Sala wypełniona była młodymi ludźmi – przyszłymi studentami medycyny z Wrocławia. Nie mieli zeszytów, nic nie pisali, ale słuchali uważnie, bo z niecierpliwością czekali na rozpoczęcie studiów.

Począwszy od tego dnia wykłady odbywały się regularnie, czasem nawet kilka razy dziennie, co ostatecznie „przywróciło” wielu młodych ludzi, którzy z oczywistych względów zwątpili w potrzebę wstąpienia na uczelnię w tak trudnym czasie.
Czy przyczyną błędu jest niedoskonałość pamięci?
Normalny proces kształcenia, choć w bardzo trudnych warunkach, rozpoczął się we Wrocławiu w połowie listopada 1945 r. Oficjalne prawo do jego otwarcia otrzymał najstarszy przedstawiciel i „pionier” życia akademickiego miasta, prof. Kazimierz Idaszewski. Wydarzenie to miało miejsce 15 listopada w jednym z budynków Politechniki Wrocławskiej. Następnie rozpoczęły się regularne zajęcia na wszystkich wydziałach uczelni.
Skąd więc wzięła się wersja, że tego dnia były dwa wykłady? Trudno powiedzieć na pewno, być może przyczyną są osobliwości ludzkiej pamięci. Jak wiadomo, jest ona niedoskonała i wybiórcza, więc „niewygodną” datę można było później „zgubić”, a okazało się, że oba wykłady odbyły się tego samego dnia.

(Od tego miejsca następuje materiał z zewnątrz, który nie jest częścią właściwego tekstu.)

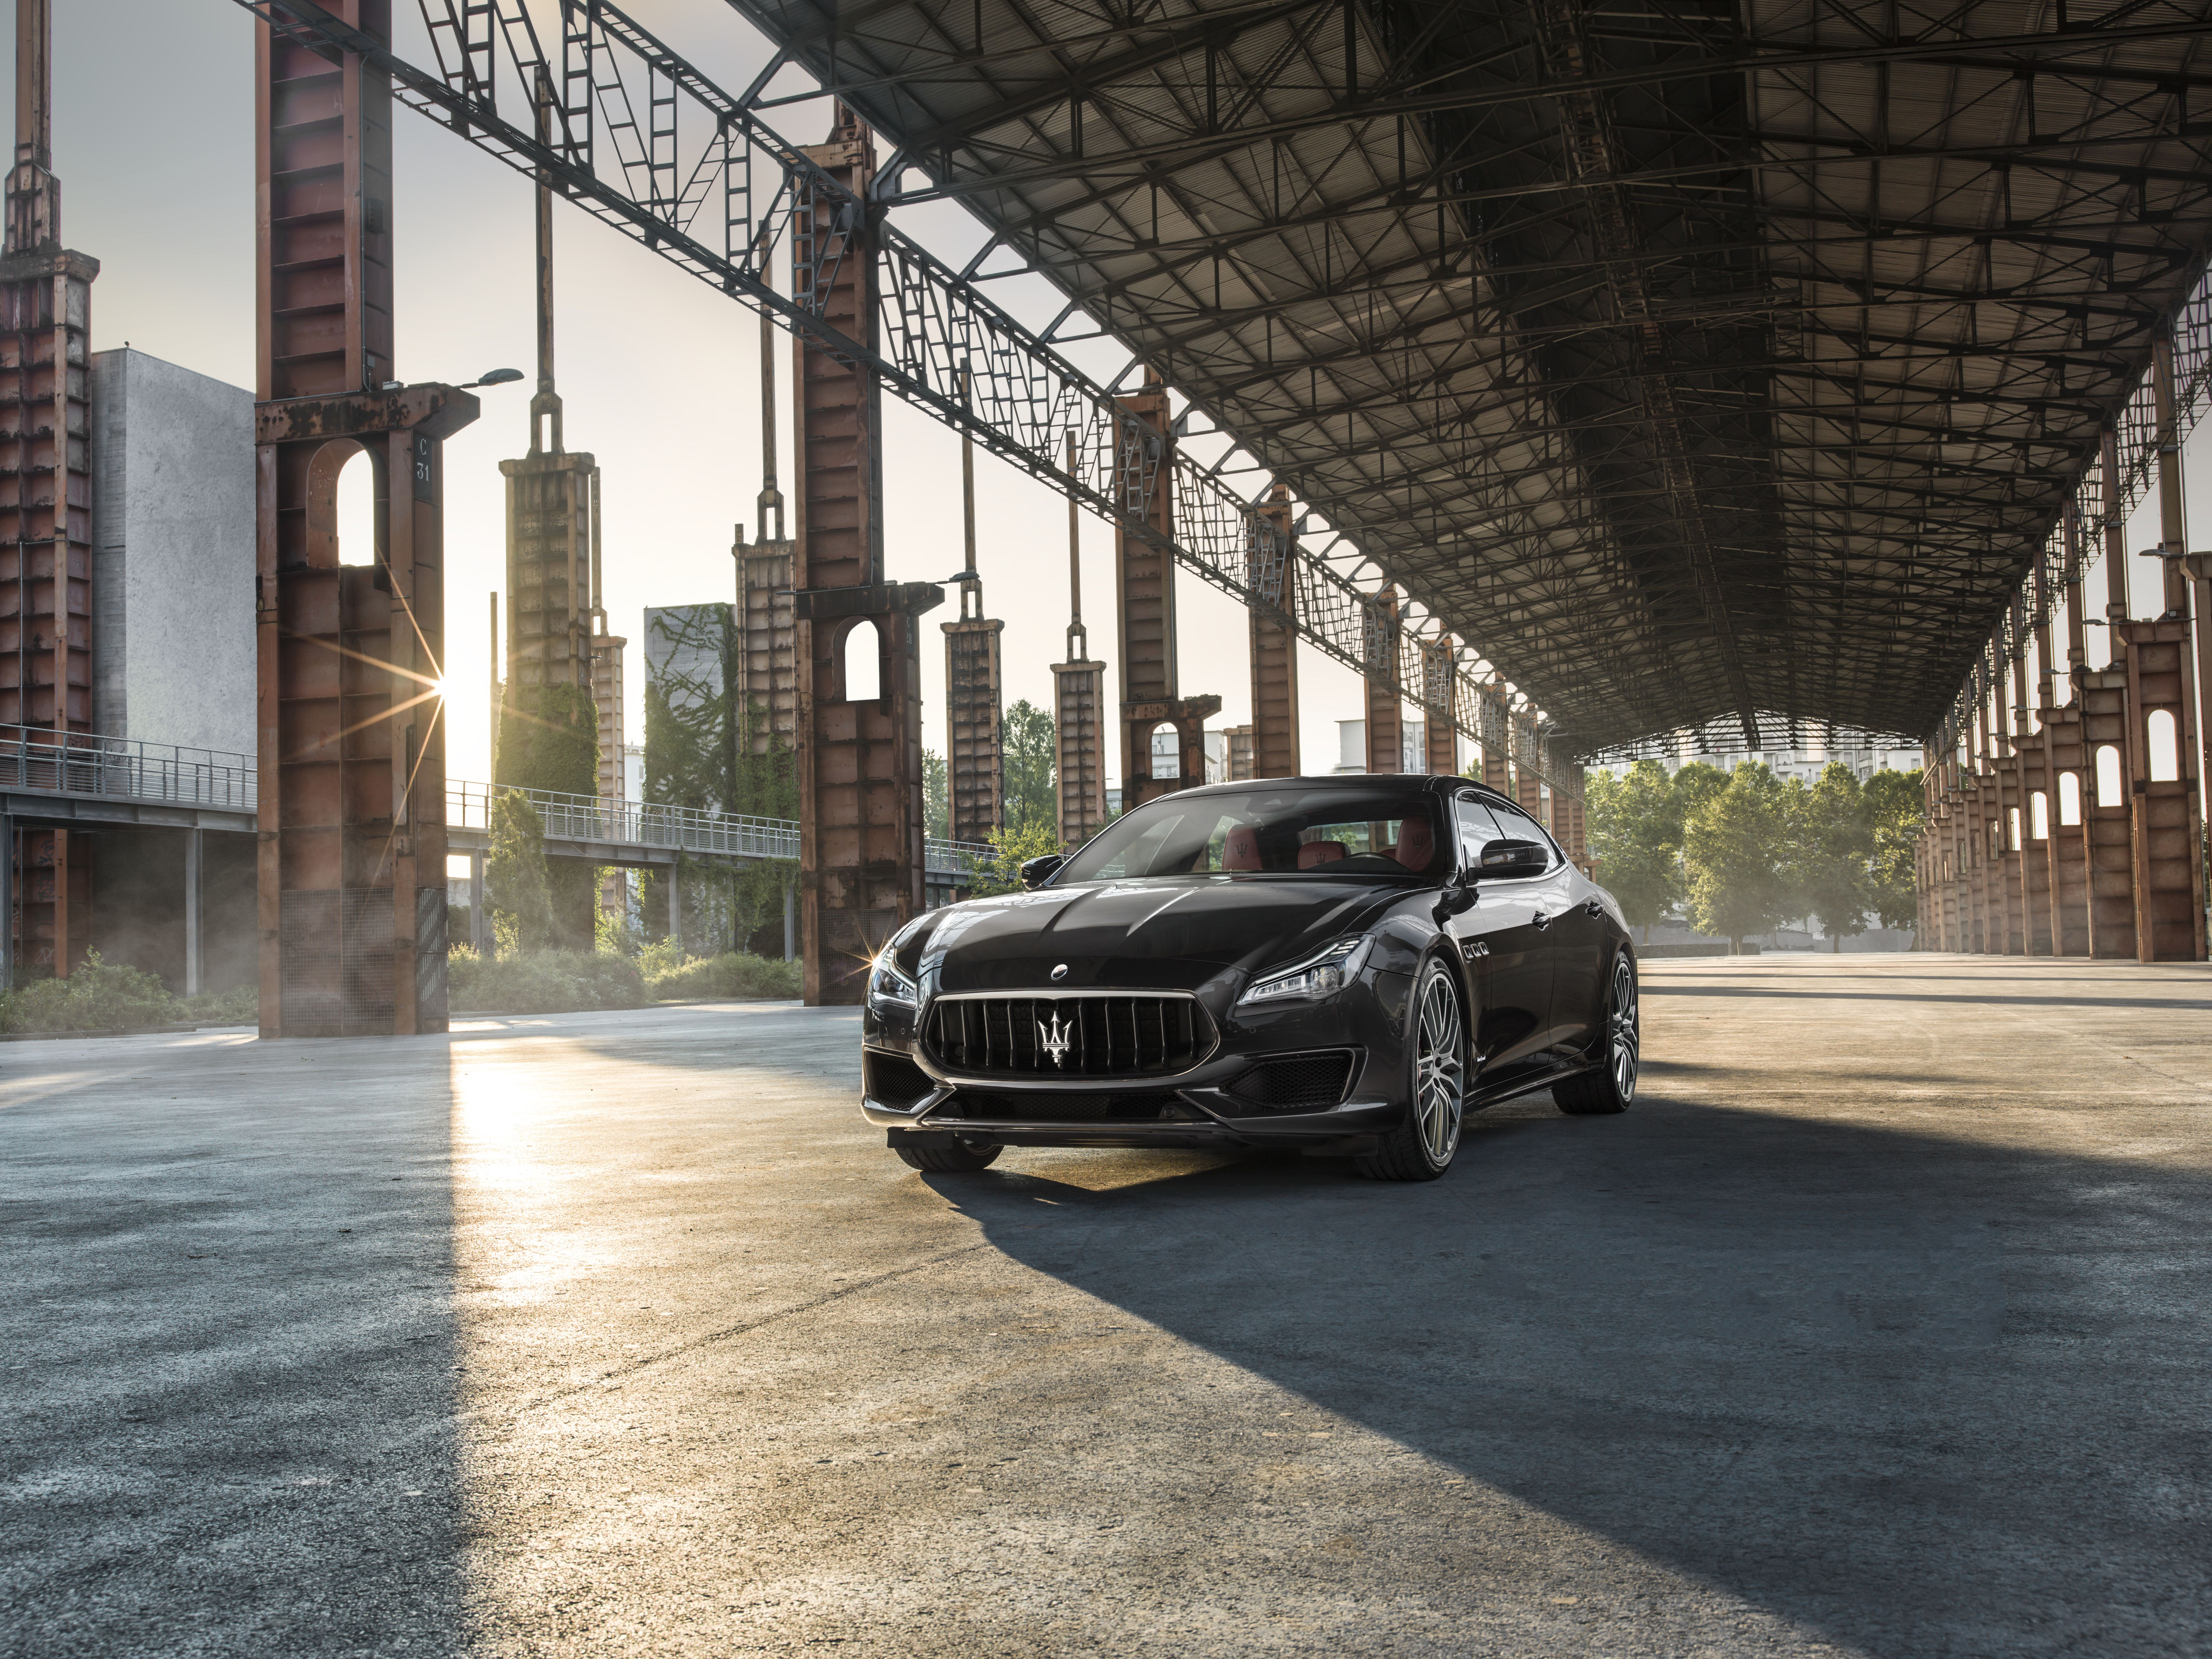 Télécharger des fonds d'écran Maserati Quattroporte HD

Nietrudno zweryfikować coś przeciwnego, wystarczy sięgnąć do archiwalnych numerów lokalnej prasy, która informowała o wszystkich sukcesach i wydarzeniach wrocławskich uczelni. Istnieją również relacje naocznych świadków tego wydarzenia. Dzięki obu możemy śmiało powiedzieć, że to Ludwik Hirszfeld 6 września 1945 roku wygłosił pierwszy wykład na powojennym Uniwersytecie Wrocławskim.

Być może nie należy go traktować jako wydarzenia oznaczającego ponowne powołanie do życia uniwersytetów, bo te formalnie jeszcze nie istniały. Z pewnością jednak należy uznać go za pierwszy wykład akademicki i naukowy, jaki odbył się w powojennym Wrocławiu.